Task goal: Beginning with the line that holds "飲食店・クリニック・病院・商" and ending with the last line below, repeat each line exactly, leaving any pictures out.

Data block:
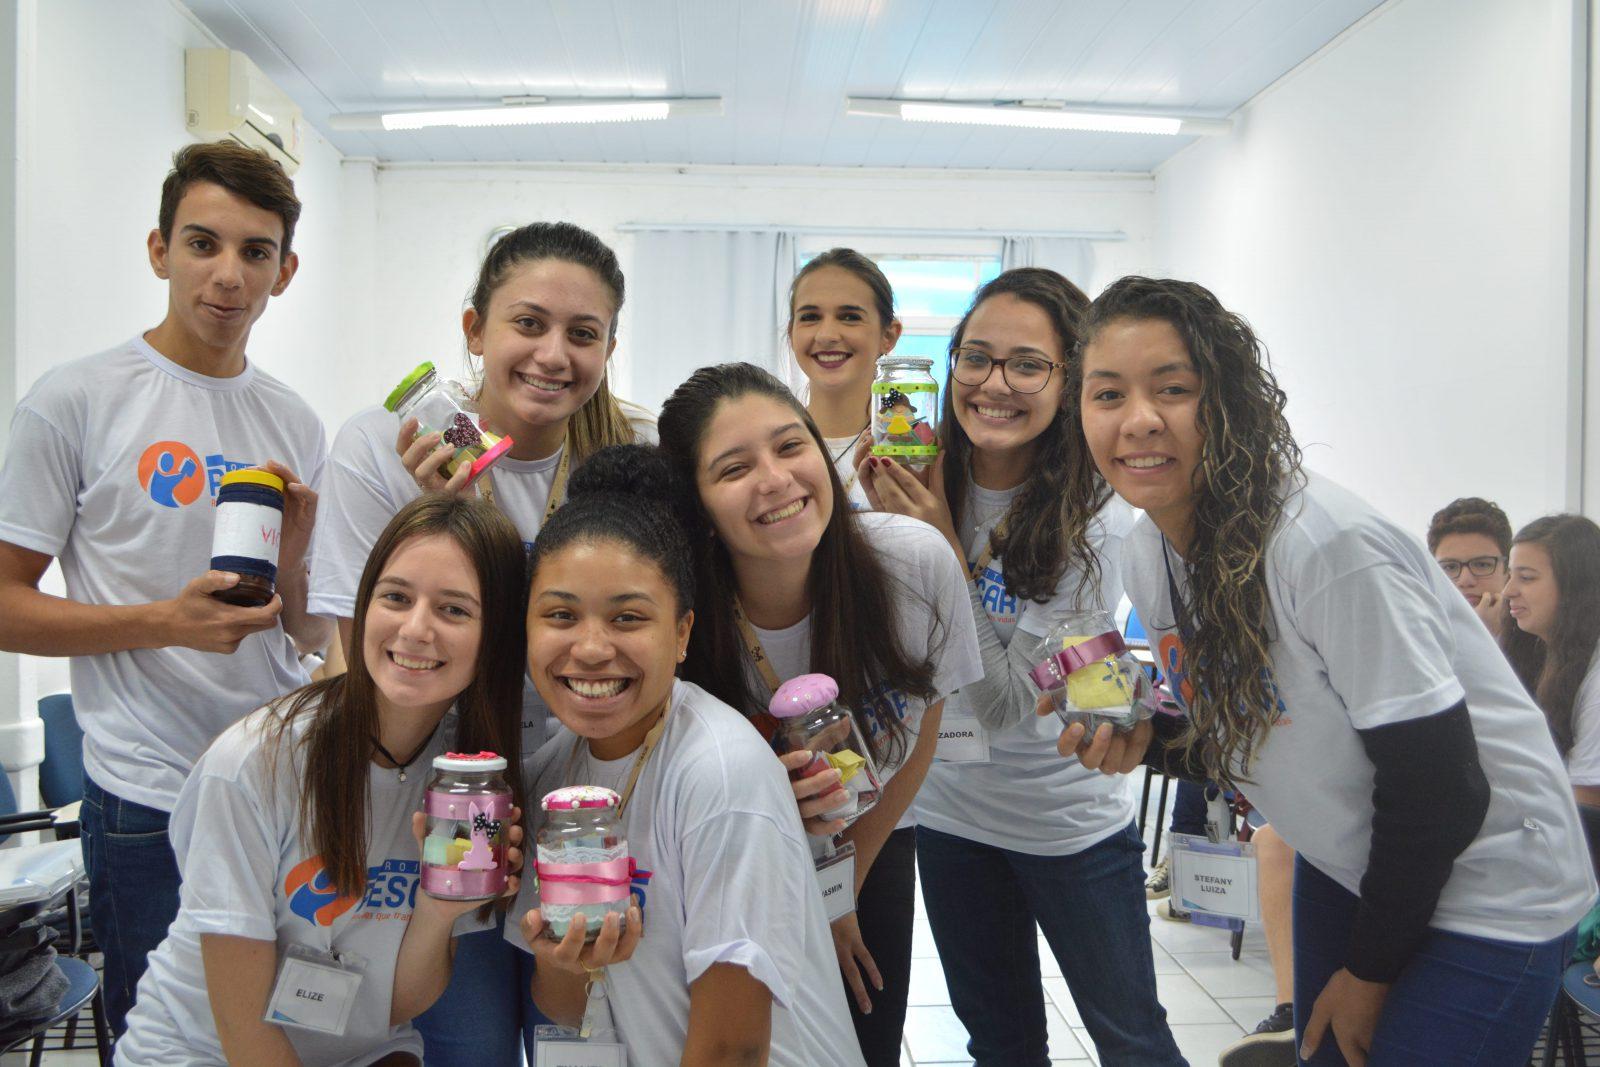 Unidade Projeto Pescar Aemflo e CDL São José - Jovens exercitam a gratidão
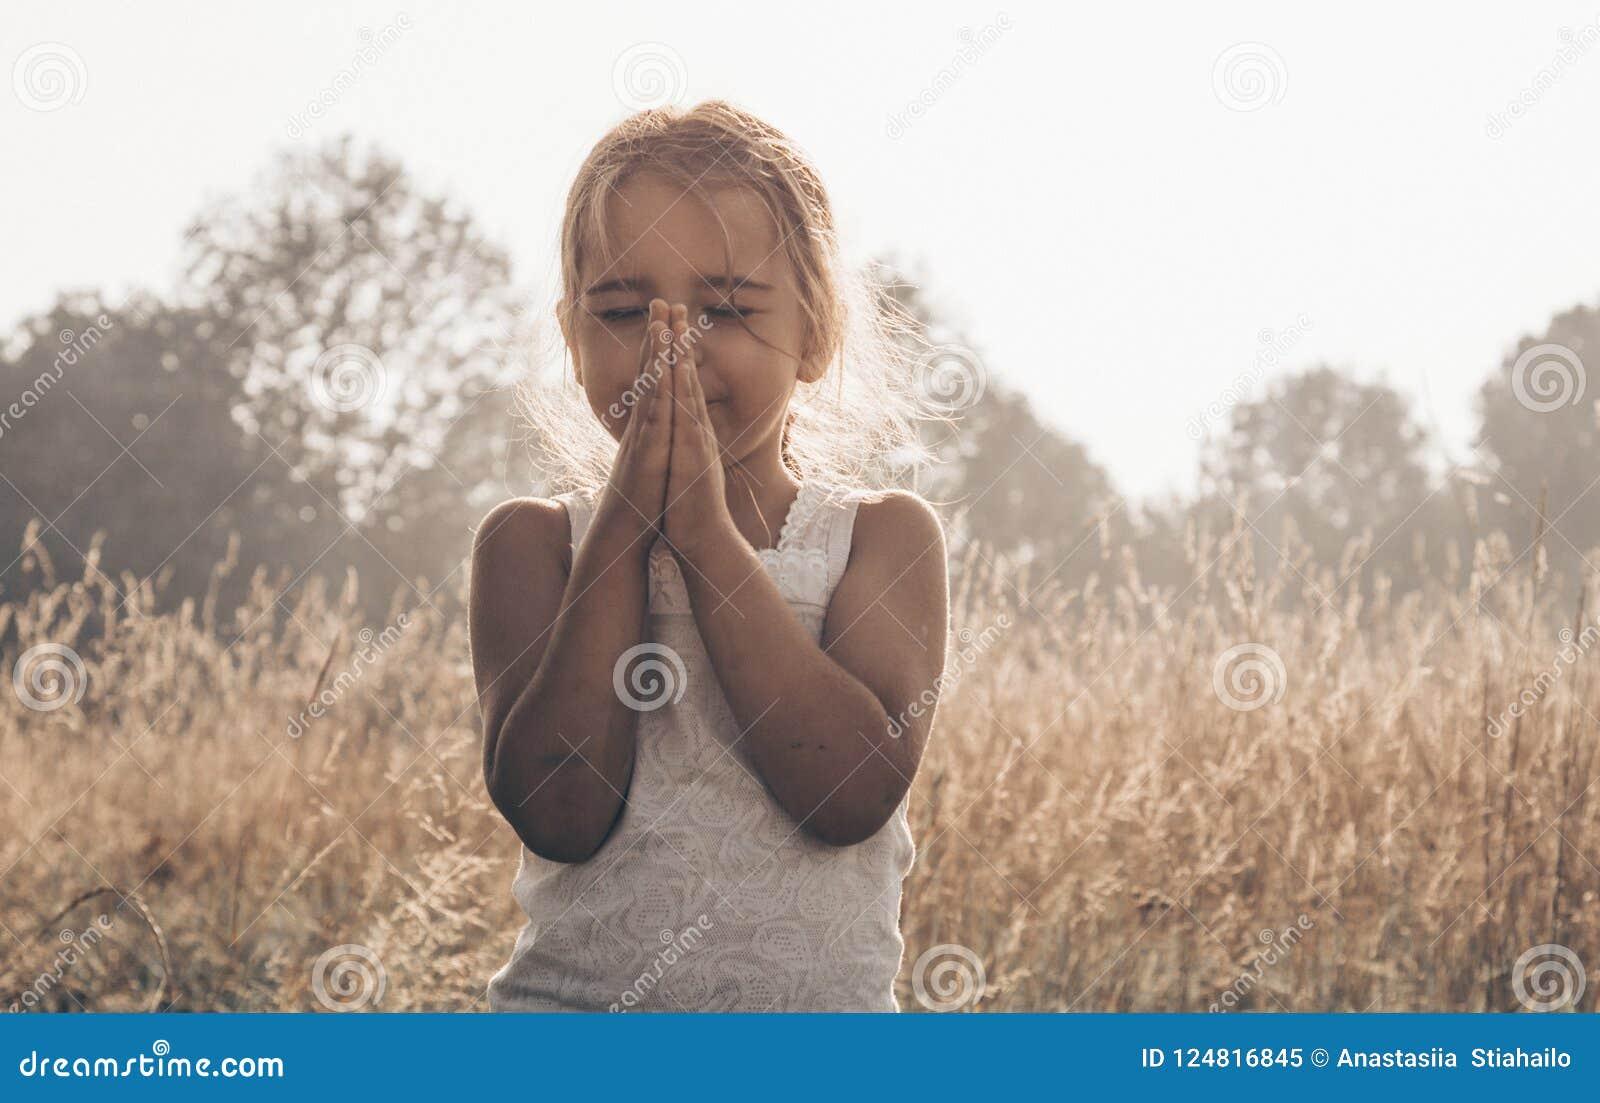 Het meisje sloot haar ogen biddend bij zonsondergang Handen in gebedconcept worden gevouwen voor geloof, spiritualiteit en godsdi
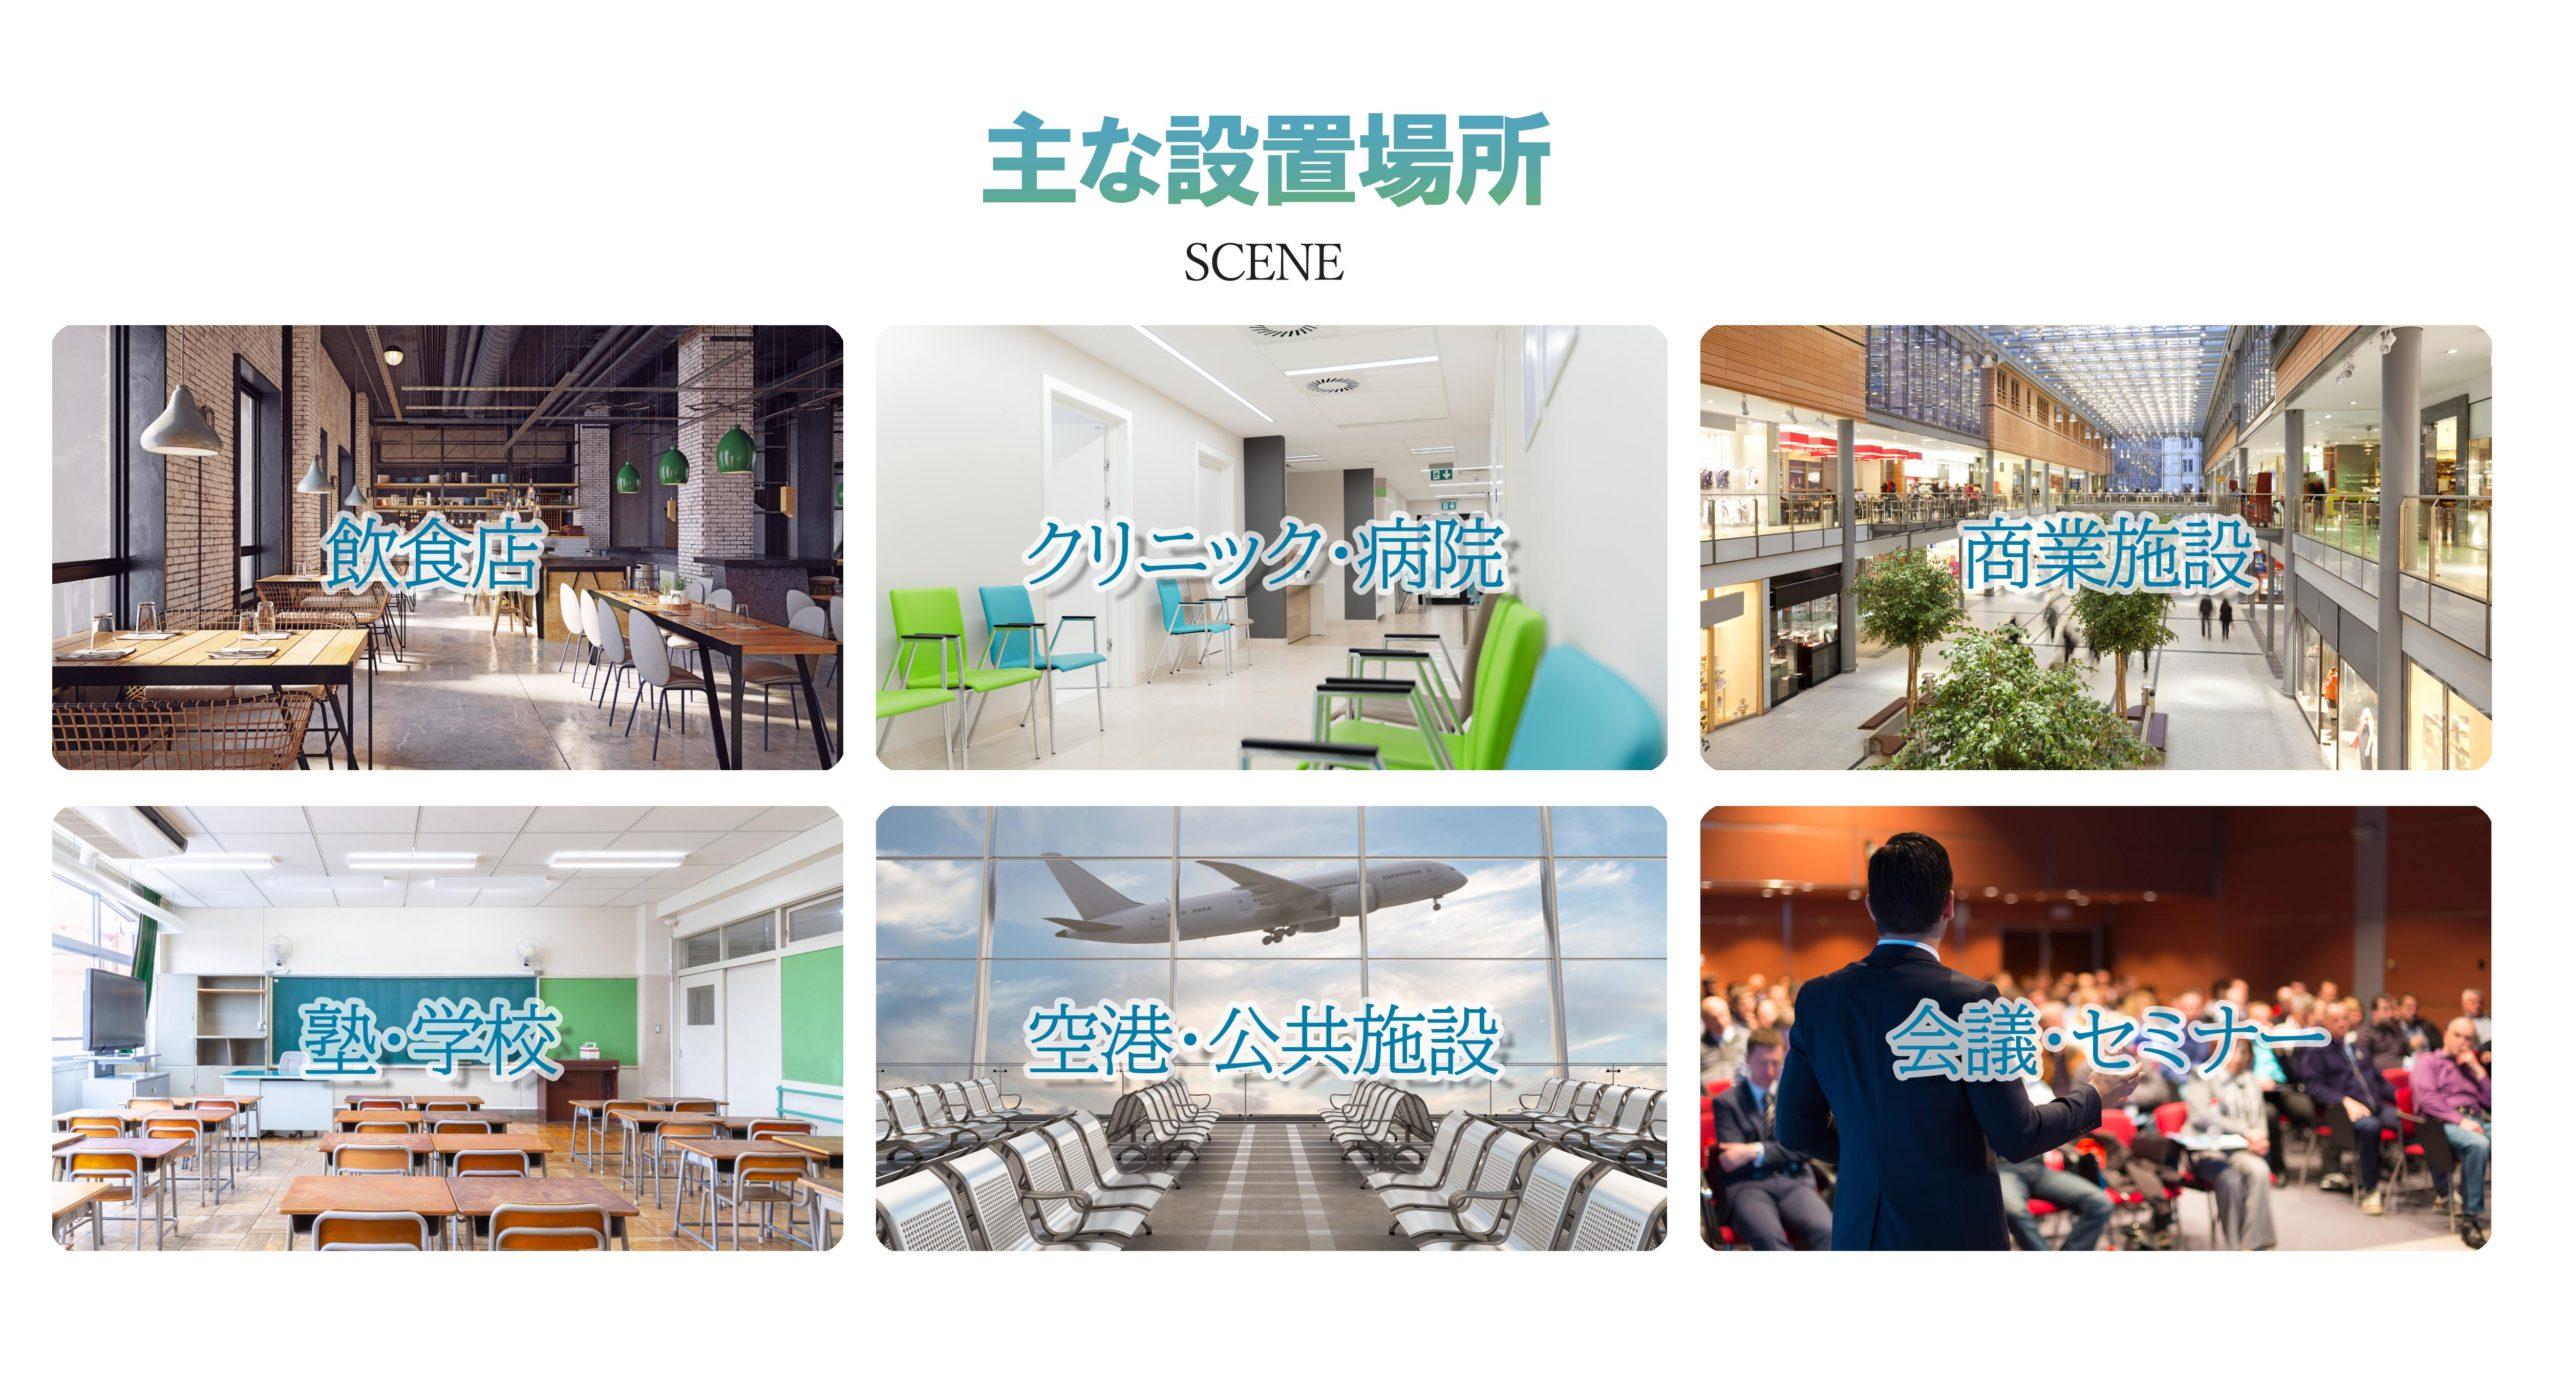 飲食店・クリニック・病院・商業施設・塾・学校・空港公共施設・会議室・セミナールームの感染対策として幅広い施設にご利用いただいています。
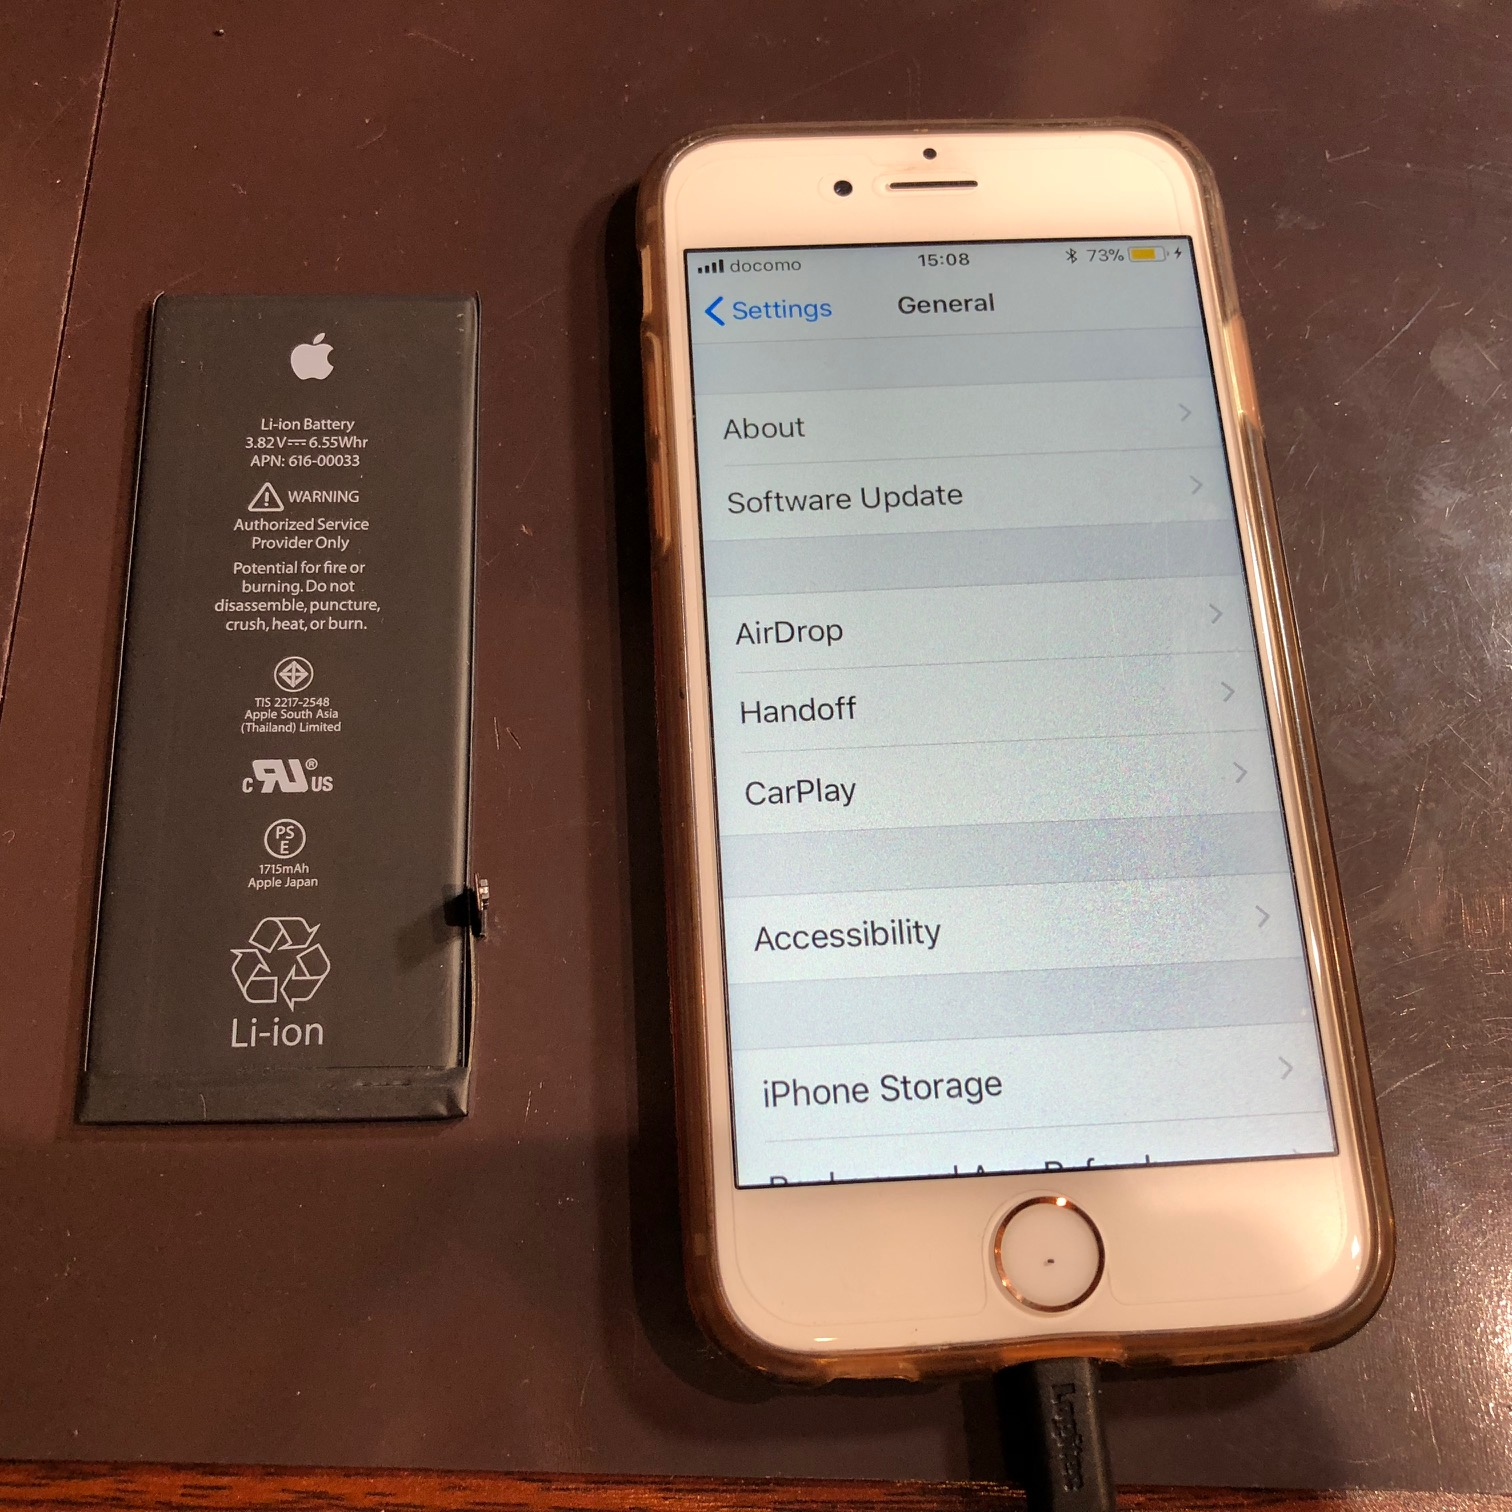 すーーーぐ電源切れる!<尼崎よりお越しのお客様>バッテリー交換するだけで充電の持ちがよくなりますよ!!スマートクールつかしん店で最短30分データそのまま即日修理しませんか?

Response box:
 飲食店・クリニック・病院・商業施設・塾・学校・空港公共施設・会議室・セミナールームの感染対策として幅広い施設にご利用いただいています。
 すーーーぐ電源切れる!<尼崎よりお越しのお客様>バッテリー交換するだけで充電の持ちがよくなりますよ!!スマートクールつかしん店で最短30分データそのまま即日修理しませんか?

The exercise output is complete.